### Provided material
=-=-=

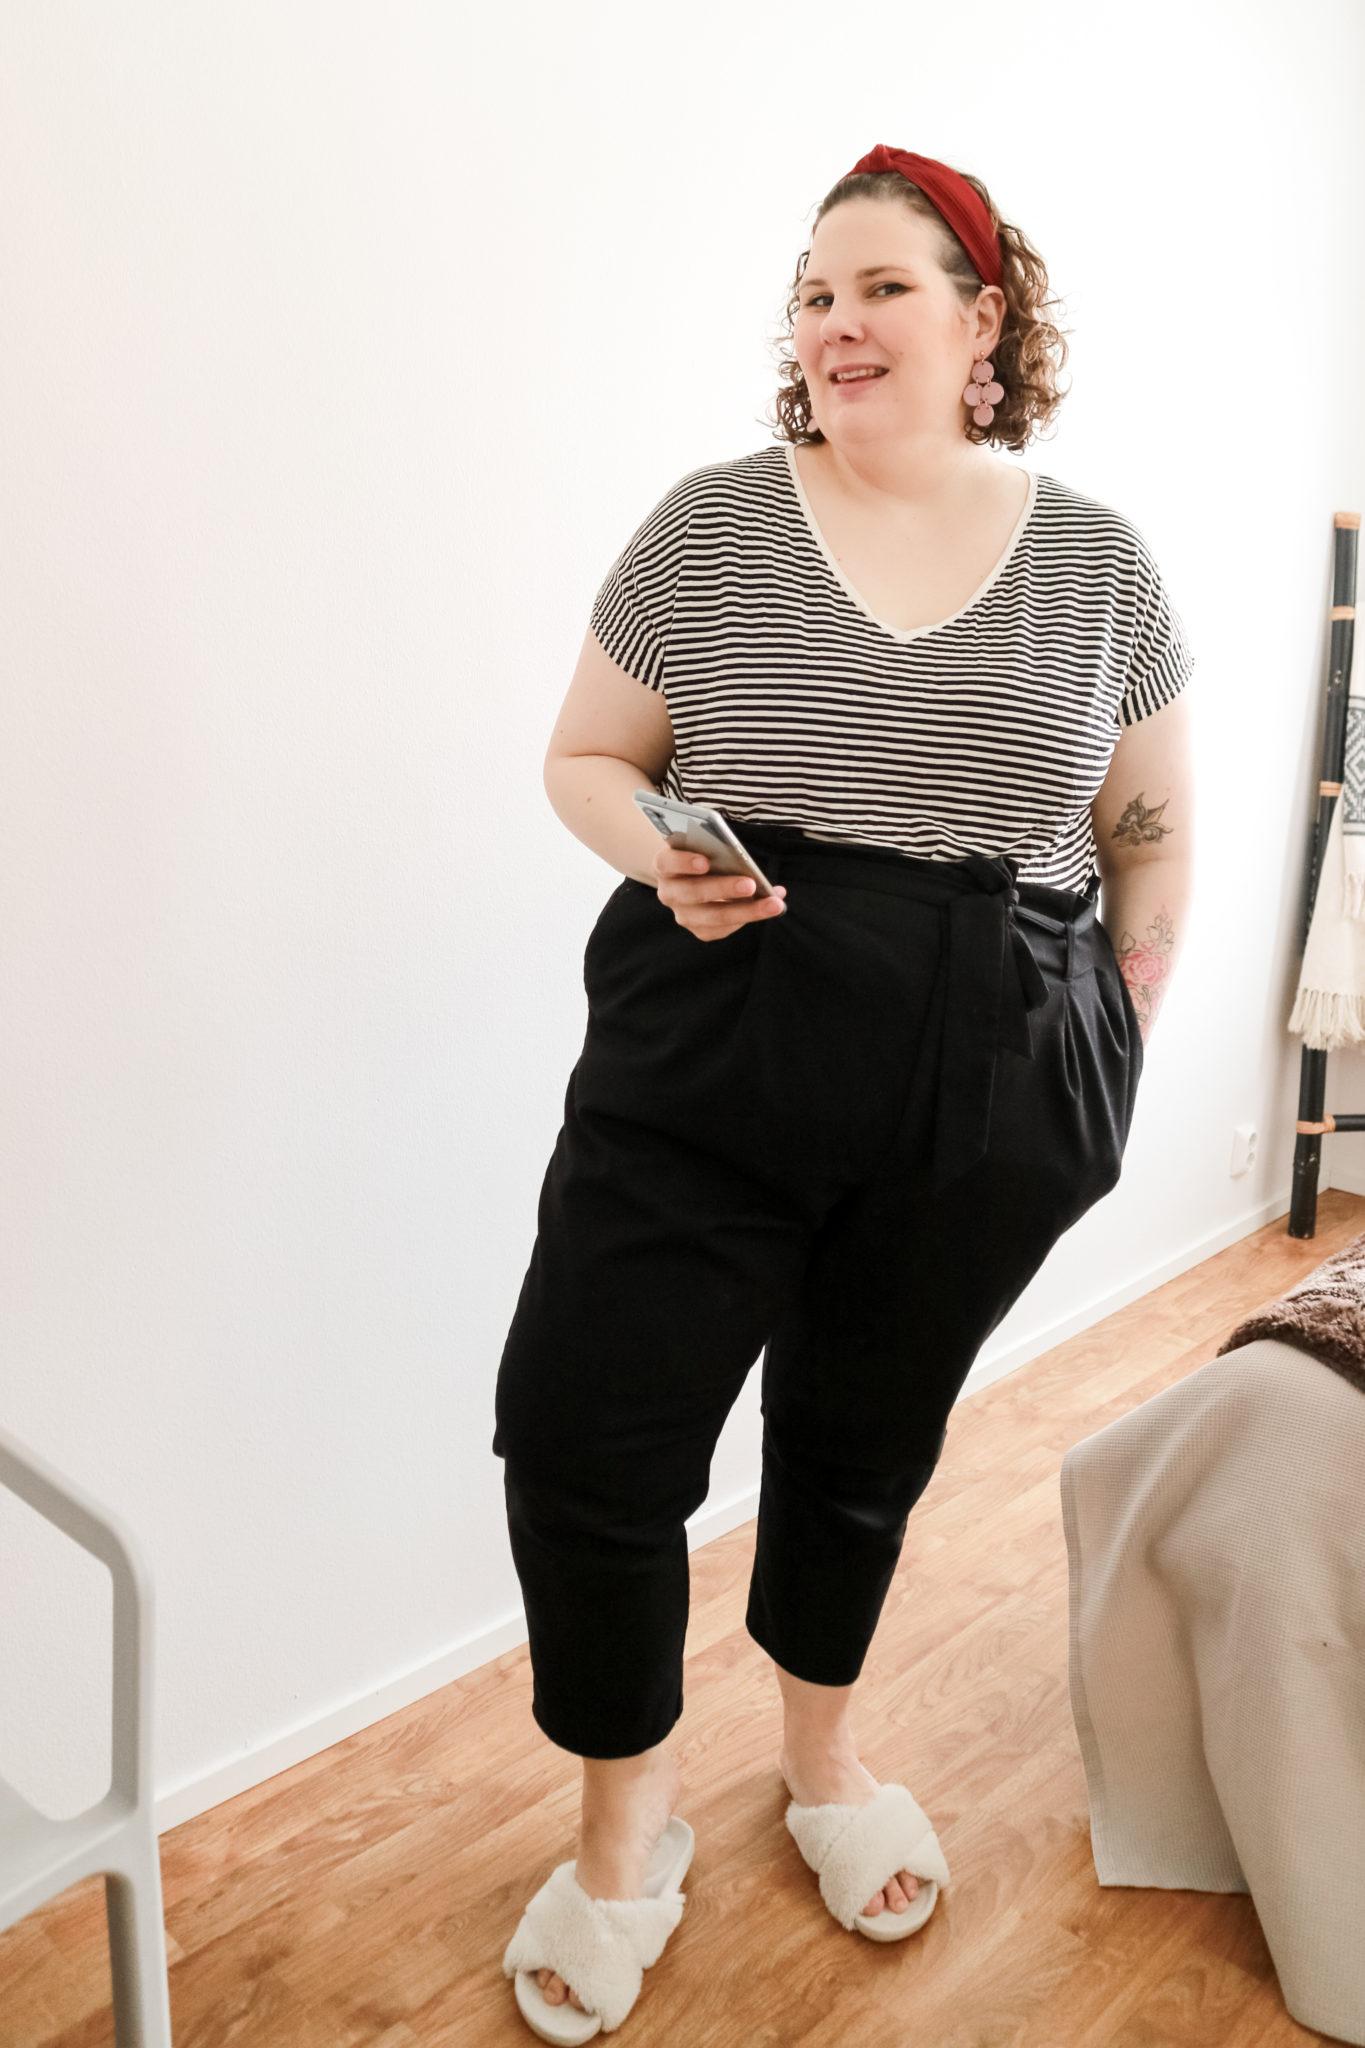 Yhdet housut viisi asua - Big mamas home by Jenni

=-=-=

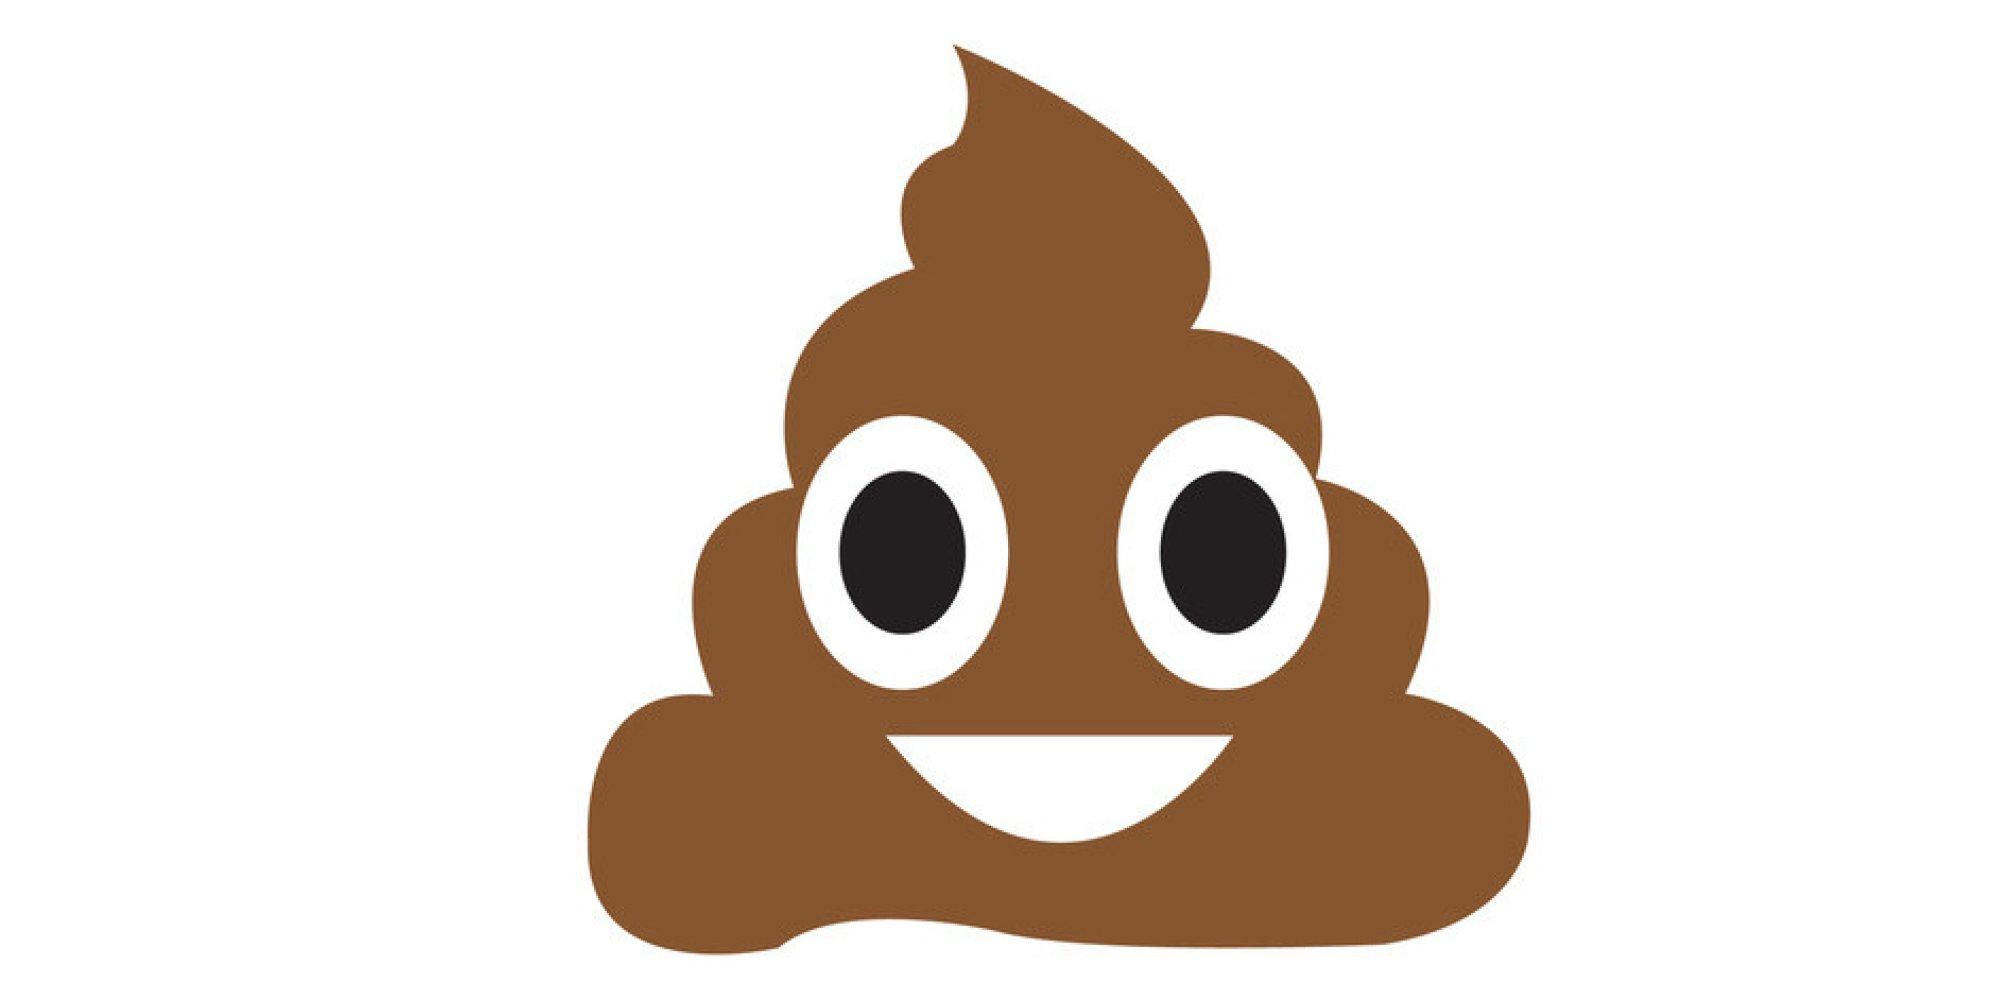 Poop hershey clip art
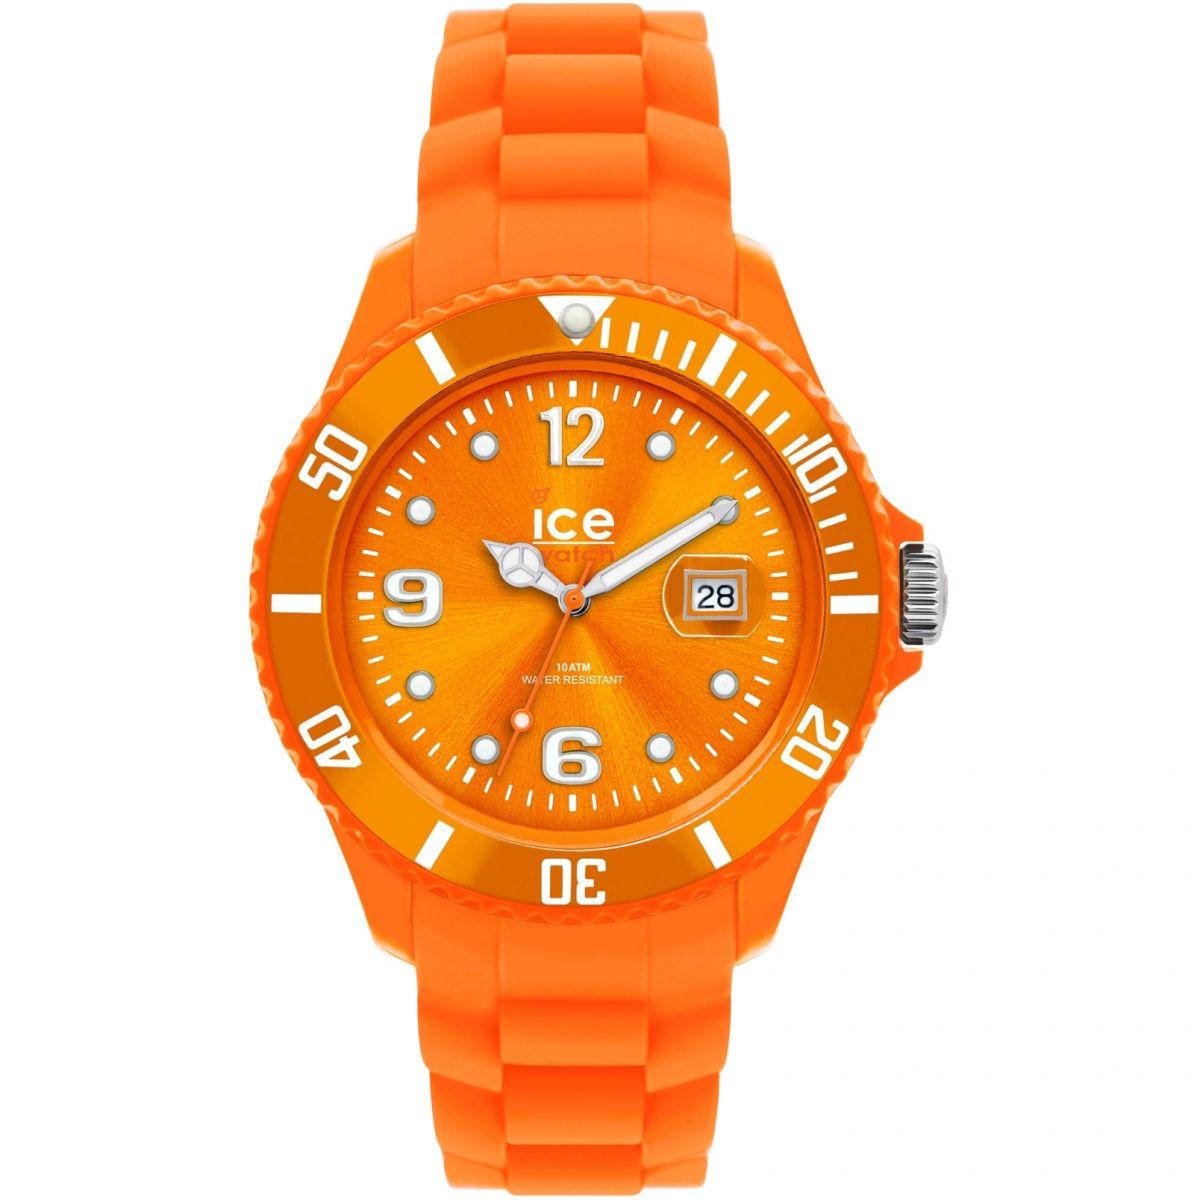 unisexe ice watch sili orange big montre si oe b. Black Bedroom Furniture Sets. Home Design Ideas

=-=-=

### Problem to work on
Working from the data above, repeat exactly, and only, the lines that begin at the line containing "Poop hershey clip art" and stop after the line containing "unisexe ice watch"; pictures are not copied.

### Your solution
 Poop hershey clip art
 unisexe ice watch sili orange big montre si oe b. Black Bedroom Furniture Sets. Home Design Ideas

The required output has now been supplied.